An introduction to scRNA-seq data analysis.
00:04 - Before diving into this slide deck, we recommend you to have a look at the following.
00:09 - How are samples compared? How are cells captured? How does bulk RNA-seq differ from scRNA-seq? Why is clustering important? To understand the pitfalls in scRNA-seq sequencing and amplification, and how they are overcome.
00:25 - Know the types of variation in an analysis and how to control for them.
00:29 - Grasp what dimension reduction is, and how it might be performed.
00:33 - Be familiarised with the main types of clustering techniques and when to use them.
00:38 - Greetings everybody and welcome to the Galaxy single cell RNA-seq analysis workshop.
00:44 - Here we will walk you through some of the basics and concepts when dealing with single cell data.
00:50 - Let’s start with what the differences are between Bulk RNA-seq and single cell RNA seq data.
00:56 - With Bulk RNA-seq we compare two tissues by looking at the average expression of each gene detected across each of the tissues.
01:04 - Due to the number of RNA molecules being considered, the sequencing depth and the strength of the analysis is reasonably high.
01:11 - The differential expression is then measured as the relative expression of a given gene between one tissue and another.
01:19 - With single cell RNA-seq analysis, the stage shifts away from measuring the average expression of a tissue.
01:25 - And towards measuring the specific gene expression of individual cells within those tissues.
01:31 - Here we are no longer comparing tissue against tissue, but cell against cell.
01:36 - Each cell is assigned a gene profile which describes the relative abundance of genes detected within it.
01:42 - Many cells share the same gene profile, where a gene profile ideally describes a cell type.
01:48 - Sometimes we need to compare single-cell datasets across tissues, and we see that many cells across tissues share the same cell type.
01:56 - For example, look at the purple and green gene profiles which are shared across both tissues.
02:03 - New technologies means new methods and techniques to harness the new features that come with them.
02:08 - Single-cell RNA-seq data requires different means of library preparation, sequencing, quality control and analysis.
02:18 - For example, how are cells captured and sequenced?

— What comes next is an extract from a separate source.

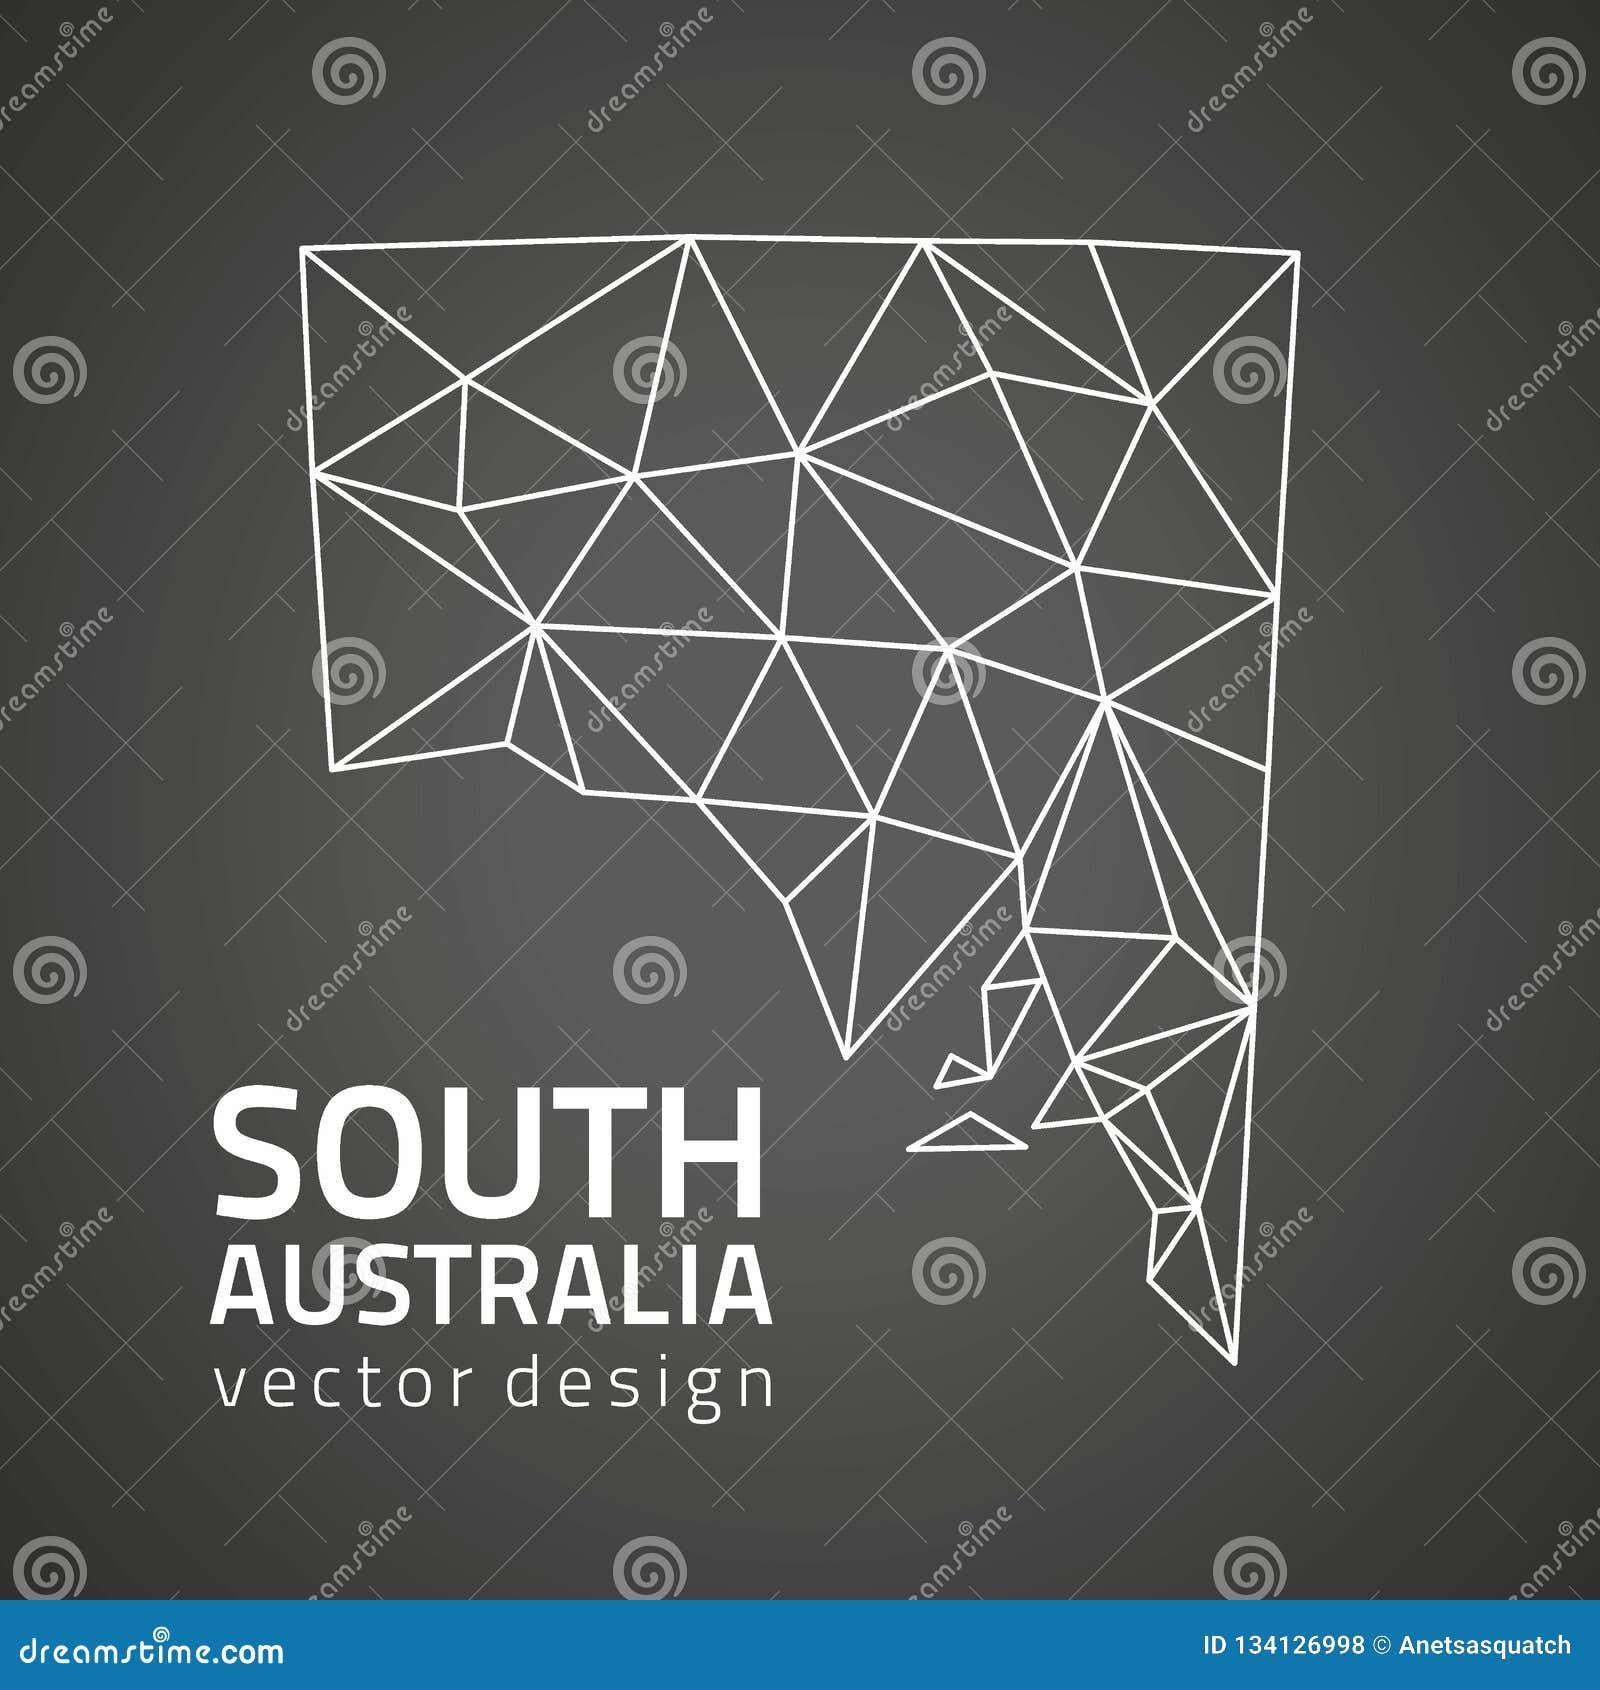 3d Map Of South Australia.South Australia Vector Mosaic Contour 3d Black Map Stock Vector
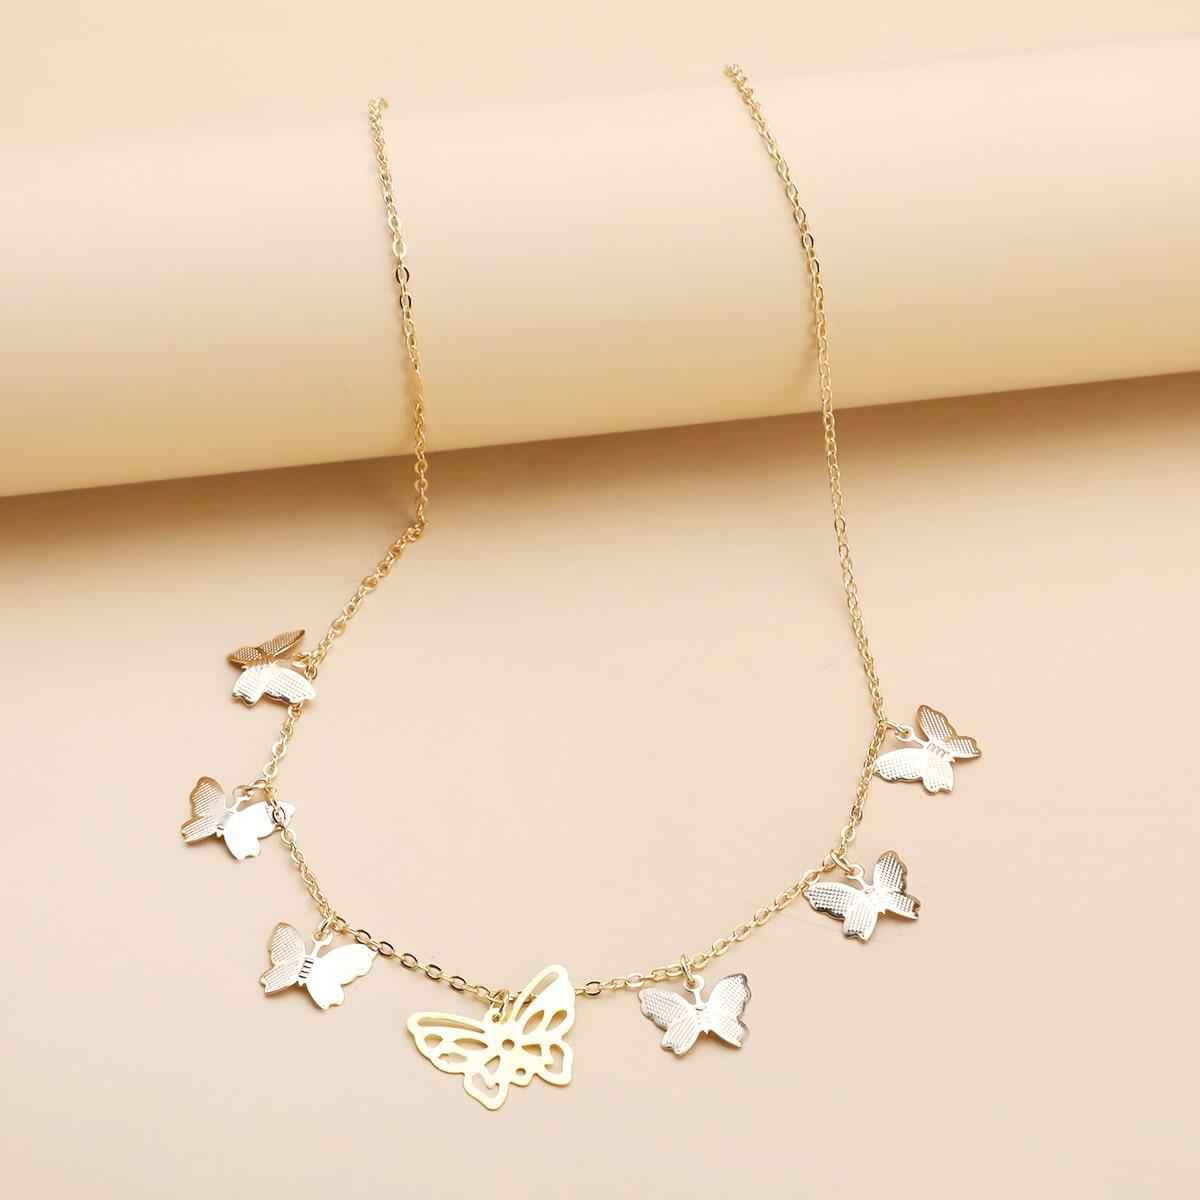 SHEIN / Halsband mit Schmetterling Anhänger

In bulk RNA-seq analysis, the process involves taking a sample, removing unwanted molecules and sequencing everything else.
02:31 - For single cell analysis, the process is much the same, except that each sample is a cell.
02:37 - And must therefore be sequenced separately from other cells.
02:41 - Once isolated, unique barcodes are added to each cell, and then sequenced.
02:47 - The level of resolution in single-cell is at the cell level, and each cell is unique.
02:52 - Therefore, the concept biological replicates is not quite the same as that in bulk RNA-seq.
03:00 - Cell isolation can be performed in different ways.
03:04 - One method is manual pipetting, where wet lab scientists suction up individual cells using a long thin tube.
03:12 - They can do this hundreds of times to isolate hundreds of cells, but it is error-prone, and often multiple cells are isolated together.
03:21 - Another method is flow cytometry, which reduces the human-error component of this stage.
03:28 - Flow cytometry floats cells in a shallow liquid bath and streams them along a narrow channel, just narrow for one cell to pass through.
03:36 - Cells can be screened by a variety of properties this way, such as by their light scatter properties, and from fluorescent cell labelling.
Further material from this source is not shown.